131. Gaspeldoorn, stekelbrem en bezembrem
Op 11 maart dit jaar zag ik op een stuk natte heide een struik van anderhalve meter hoog, fris groen en met tientallen enthousiast gele vlinderbloemen. De zon scheen een beetje en ik had het gevoel dat ik de lente niet overtuigender te zien kon krijgen. Ik wist dat het gaspeldoorn was, want die staat daar al jaren, maar ik had niet verwacht dat daar nu al zo'n schitterend demonstratie van de lente zou worden gegeven: vandaar dit artikel!
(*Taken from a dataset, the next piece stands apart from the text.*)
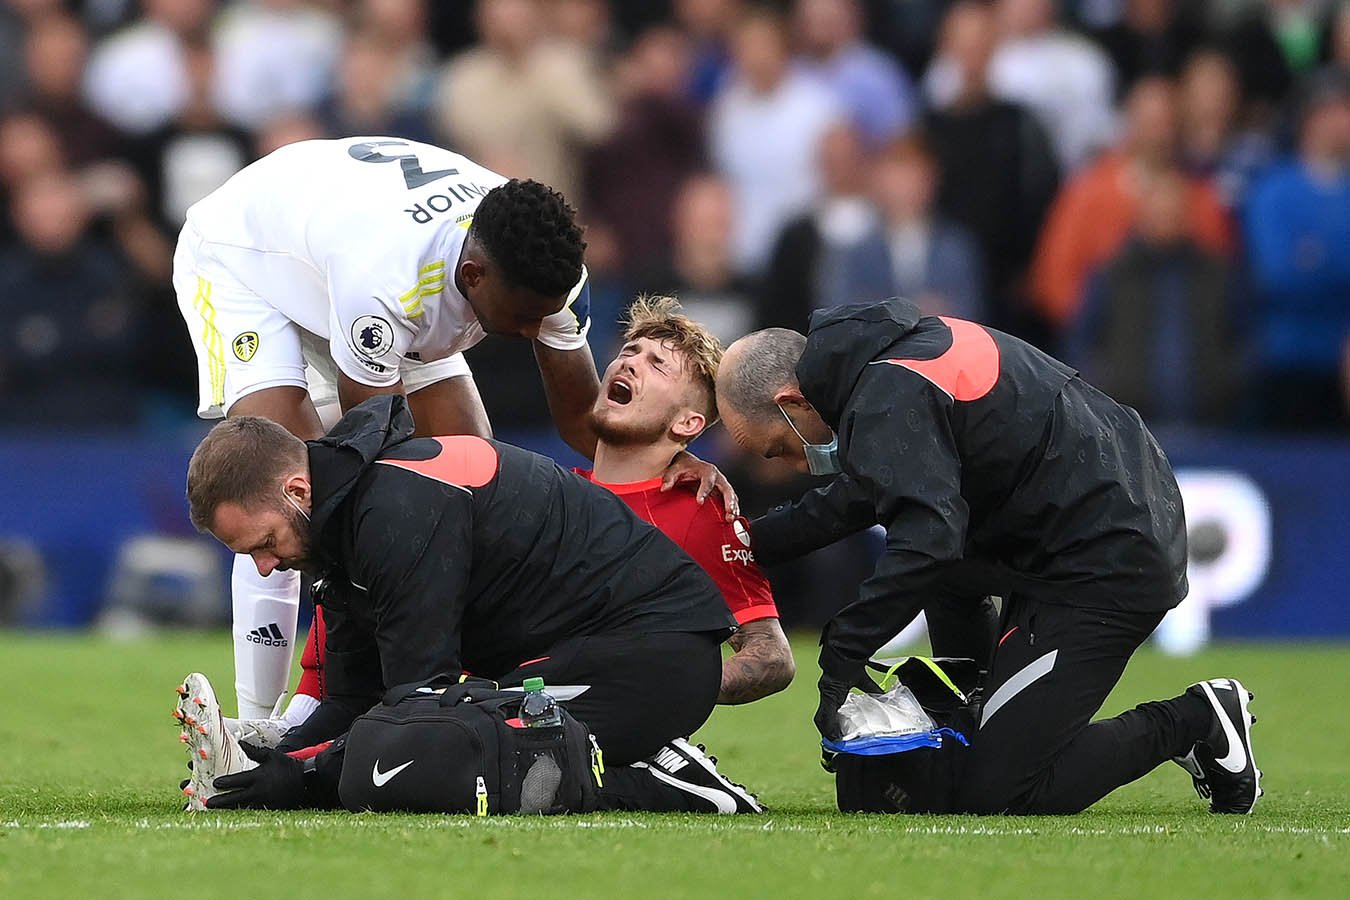 25 игроков подали в суд на футбольную ассоциацию Англии из-за черепно-мозговых травм

Die twee andere planten in de titel, daarvan was ik al langer van plan eens uit te zoeken hoe de relaties in elkaar staken.
Driemaal brem Groeiplaats van de gaspeldoorn in de Kampina bij Boxtel: nat, maar net niet in het water.
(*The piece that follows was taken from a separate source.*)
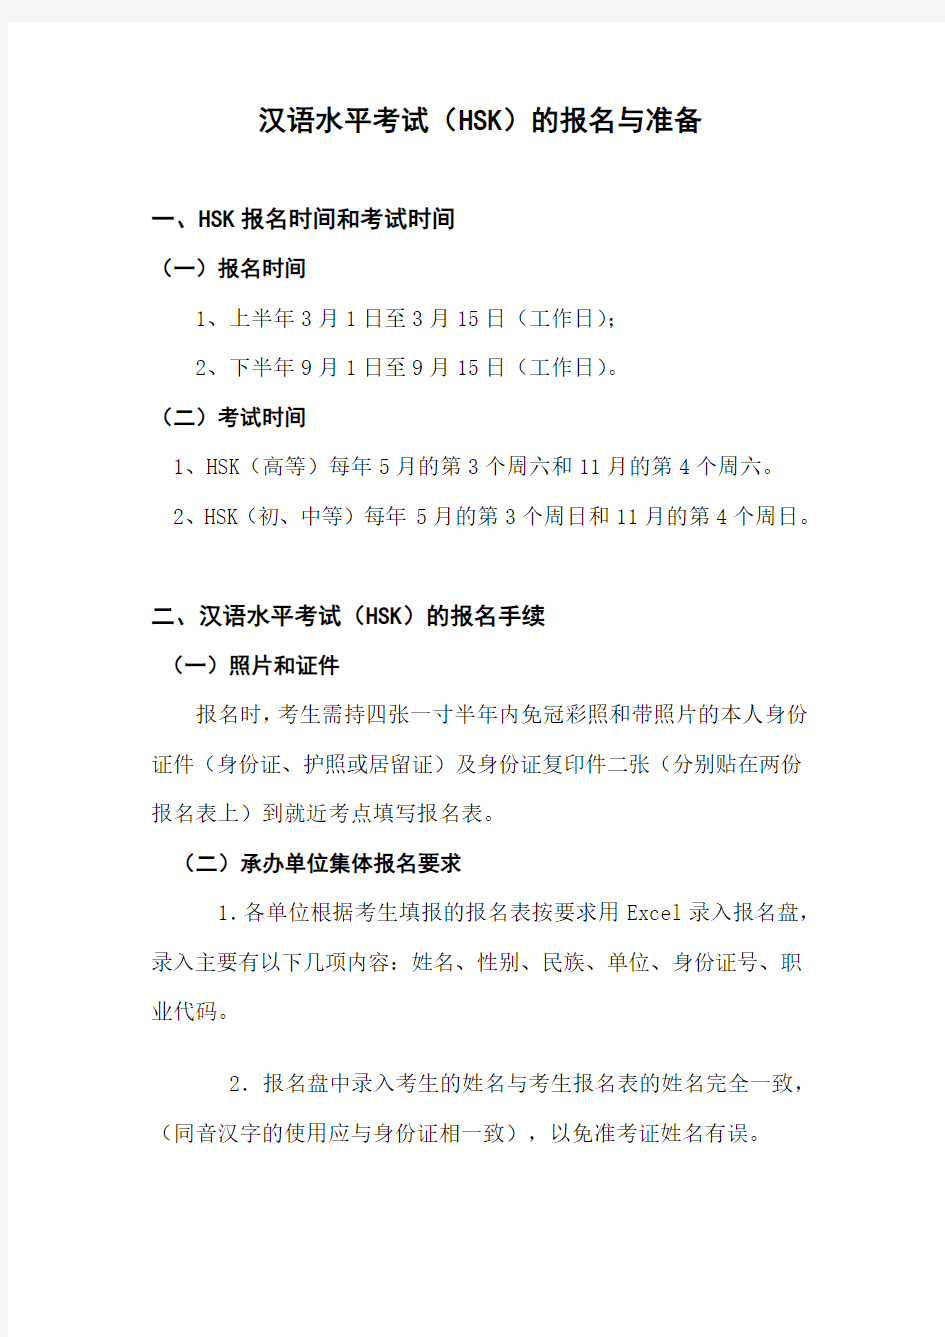 汉语水平考试(HSK)的报名与准备

De genoemde soorten brem horen alle drie bij de vlinderbloemen Leguminosae. Binnen de vlinderbloemen hebben we wereldwijd een kleine 20.000 soorten en die zijn verdeeld in drie ondersoorten. De drie planten in dit artikel zitten alle drie in een andere ondersoort en ze zijn dus geen nauwe familie ofschoon er best wat overeenkomsten zijn. Alle drie zijn het struiken met groene takken, met weinig bladeren en met gele bloemen:
- Gaspeldoorn (Ulex europaeus),
- Stekelbrem (Genista anglica),
- Gewone brem = bezembrem (Cytisus scoparius). Ik gebruik in dit artikel het woord 'bezembrem' omdat de officiële Nederlandse naam 'gewone brem' heel verwarrend bleek in de tekst over soorten brem.
Gewone brem of bezembrem in bloei in april.
Gewone brem of bezembrem
Gewone of bezembrem was op de schrale zandgronden ooit inderdaad een heel gewone struik. Tegenwoordig hebben we nog steeds zandgronden, maar door de meststoffen is het schrale er een beetje af. De bezembrem is dus al lang niet meer een hele gewone struik, behalve waar nu nog een plukje heide staat. Maar de bezembrem kan daar maar moeilijk over klagen: het is zelf een vlinderbloemige die zijn best doet om stikstof meststof in de schrale zandgrond te krijgen! Maar de mens met zijn kunstmatige en overdadige stikstofmeststoffen wist geen maat te houden en daar over mag wel geklaagd worden.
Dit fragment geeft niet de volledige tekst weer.